TopDown level 1 uses a set of abstracted metrics which
are generic to out of order CPU cores (although some
CPUs may not implement all of them):

topdown-total-slots Available slots in the pipeline
topdown-slots-issued Slots issued into the pipeline
topdown-slots-retired Slots successfully retired
topdown-fetch-bubbles Pipeline gaps in the frontend
topdown-recovery-bubbles Pipeline gaps during recovery
from misspeculation

A slot is a single operation in the CPU pipe line.

These metrics then allow to compute four useful metrics:
FrontendBound, BackendBound, Retiring, BadSpeculation.

The formulas to compute the metrics are generic, they
only change based on the availability on the abstracted
input values.

The kernel declares the events supported by the current
CPU and their scaling factors (such as the pipeline width)
and perf stat then computes the formulas based on the
available metrics. This is similar how existing
perf metrics, such as TSC metrics or IPC, are implemented.

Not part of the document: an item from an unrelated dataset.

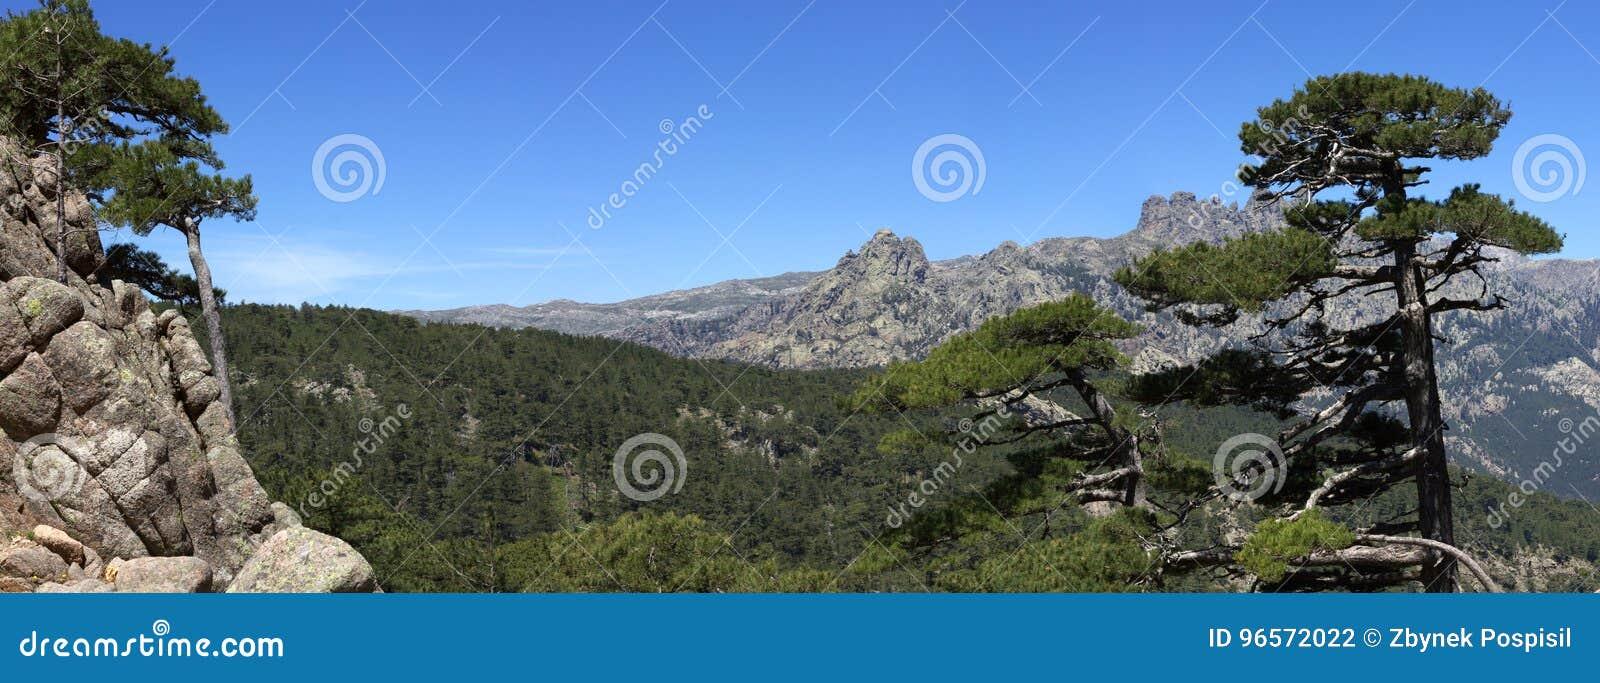 Rotsachtige heuvels in Col. de Bavella-bergen, Corsica, Frankrijk

This abstracts all CPU pipe line specific knowledge in the
kernel driver, but still avoids the need for larger scale perf
interface changes.

For HyperThreading the any bit is needed to get accurate
values when both threads are executing. This implies that
the events can only be collected as root or with
perf_event_paranoid=-1 for now.

Hyper Threading also requires averaging events from both
threads together (the CPU cannot measure them independently).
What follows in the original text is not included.